Reading this book is not a substitute for veterinary care. It should be used to help inform so you can better communicate with your veterinarian. While some people claim to practice homeopathy on animals, it’s important to choose a licensed/regulated veterinarian who understands animal physiology and medicine. To locate a homeopathic veterinarian, visit the Academy of Veterinary Homeopathy web site at

Saturday, October 3, 2009

Feeding dogs bones: the great debate

Williston runs on bones. This little beagle regularly chows down on bones and is pretty happy about life. Now if you want to start a great debate, ask a room full of dog people, including veterinarians, about feeding bones. Controversy ensues, and no one agrees.

Proponents of feeding bones talk about the benefits:

  • Healthy teeth – chewing bones scrapes plaque from teeth, keeping gums healthy, which keeps breath fresh and eliminates unhealthy and expensive dental cleanings. (Unhealthy because dogs need to be sedated for most dental procedures.)
  • Exercise – eating bones is a full body experience for a dog – they get right into it, holding the bone down with their paws and tugging at it through their back and shoulders with their jaws
  • An outlet for chewing – particularly for young dogs who are teething, most will chose to nosh down on a raw bone instead of your favourite piece of furniture
  • Nutritious – provides calcium and other nutrients
  • Entertainment value– chewing bones is an endurance activity where dogs spend hours at it making their days happily pass by

Opponents talk about the risks of feeding bones:

  • Serious health problems – choking or gastrointestinal obstruction (GI) occur when bone splinters or chunks break off and lodge in the dog’s throat restricting breathing, or somewhere in the dog’s intestines causing life-threatening circulatory problems
  • Bacteria – ingesting bones brings salmonella and parasites into your home that can infect your dog and family
  • Cracked or broken teeth – vigorous bone chewing can break pieces of teeth causing pain and expense
  • Digestive problems – dogs vomit or get diarrhoea from eating bones
  • Obesity – dogs eat too much, then get fat
  • Aggression – by eating raw bones, dogs become aggressive

I'd love to find some science-based information on this heavily debated topic.

In my opinion RAW bones – never cooked or smoked - are good for some, but not all dogs for the reasons stated above. Cooked bones are much more likely to splinter and cause harm and should never be served.

Most dog toys and treats are not government regulated, so many of the negatives that can happen with bones, can happen with other pet-store supplied goods. Really, how healthy is that pig’s ear you just fed your dog?

Bones can cause serious health problems, and so can lots of other things. We know of dogs that have eaten rocks, bath towels, Power Rangers and baby soothers that have gotten lodged in their intestines. All of these needed veterinary care and in some cases painful and expensive and surgery – and in one case, death. There are risks, and those risks are present every day when you live with a dog.

If your dog gets digestive problems, cut back on the amount of bone you’re serving – it’s likely the rich marrow that’s causing the problem.
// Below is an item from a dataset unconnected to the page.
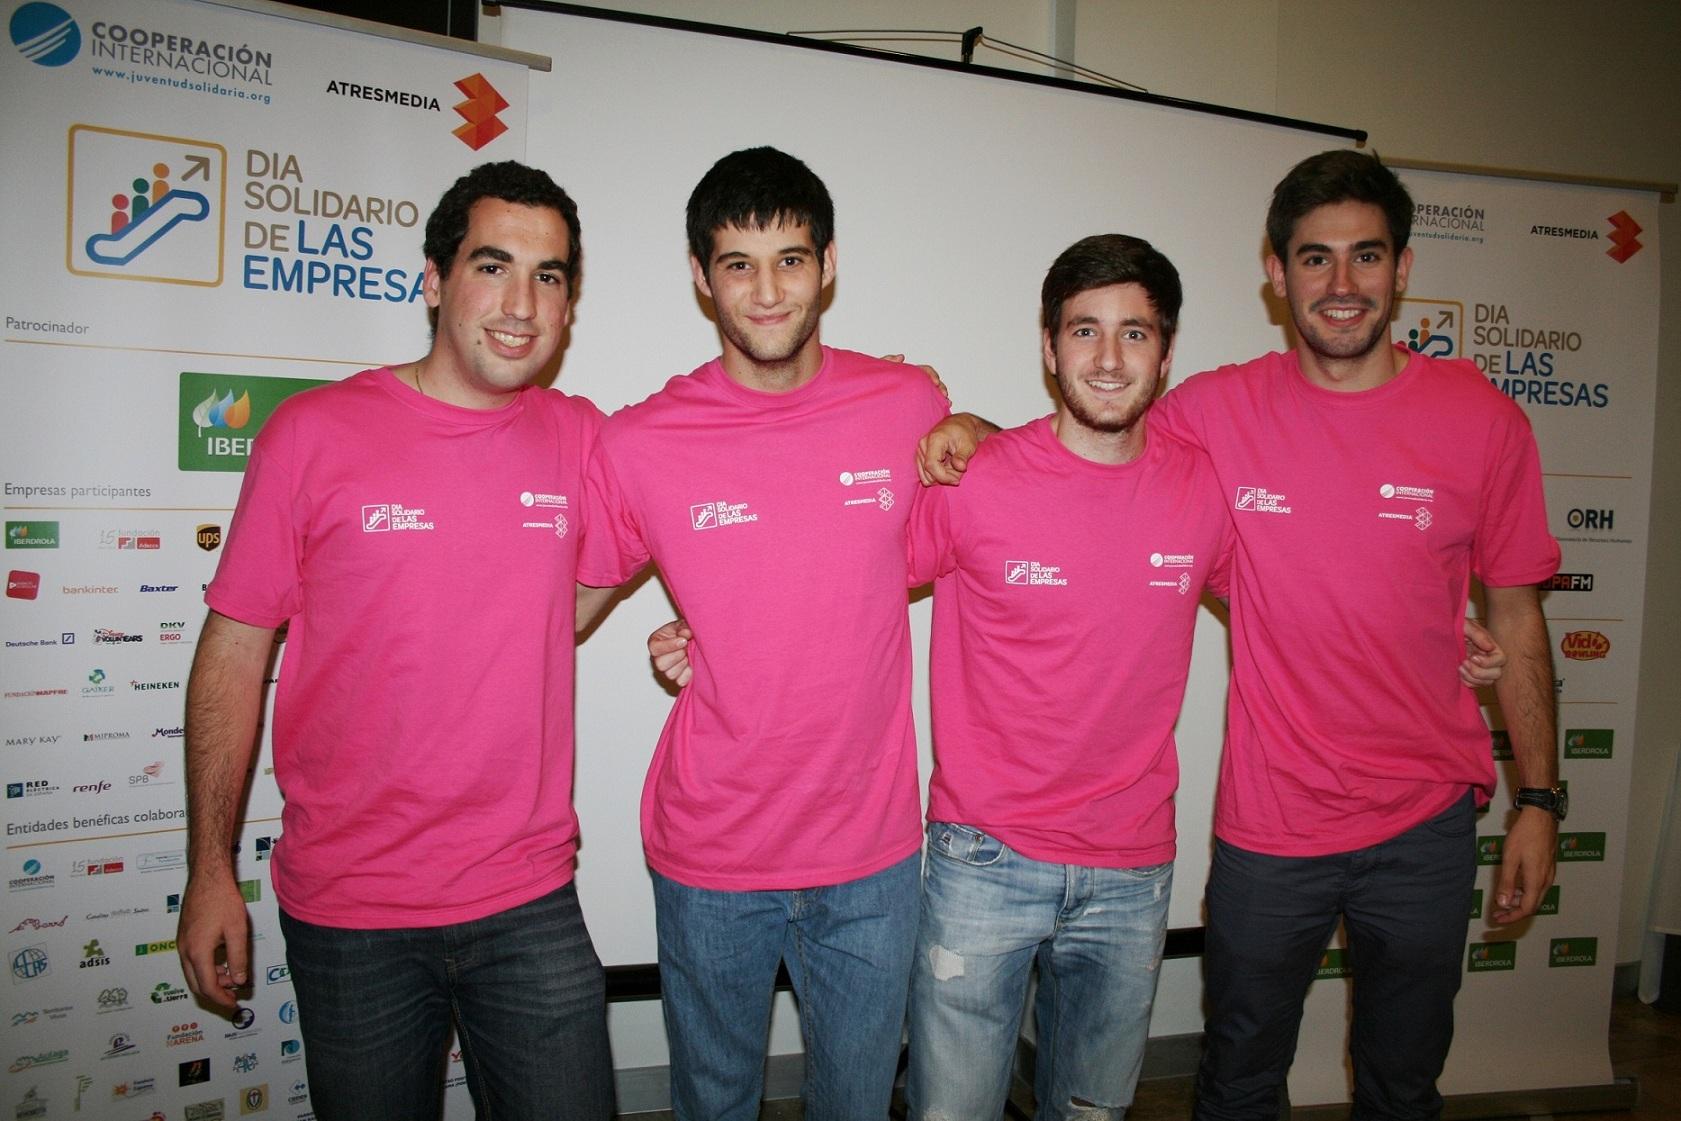 2014: El Colegio Mayor promueve diferentes iniciativas de voluntariado para estudiantes universitarios

Obese dogs are given too many calories. Those calories can come from food, treats or bones. It’s up to humans to provide suitable serving sizes.

Aggression and food aggression in particular is not caused by bones. All dogs should be trained to give items, including food and bones, to their people.

If you want to serve bones as part of your dog’s diet:

  • Buy raw bones with meat attached. If you’re unsure, go to a specialty pet store and they can guide you in the right direction. Keep the marrow, and remove large chunks of fat. The serving size should be appropriate to your dog’s size.
  • To minimize bacteria issues, feed bones, and all meals for that matter, in a place away from people– eg. outside or on a washable mat. In the book Not Fit for a Dog, Veterinarian Michael Fox recommends scalding raw bones to reduce the risk.
  • When giving bones or other foods or toys, supervise your dog so you know they’re ingesting properly and not choking.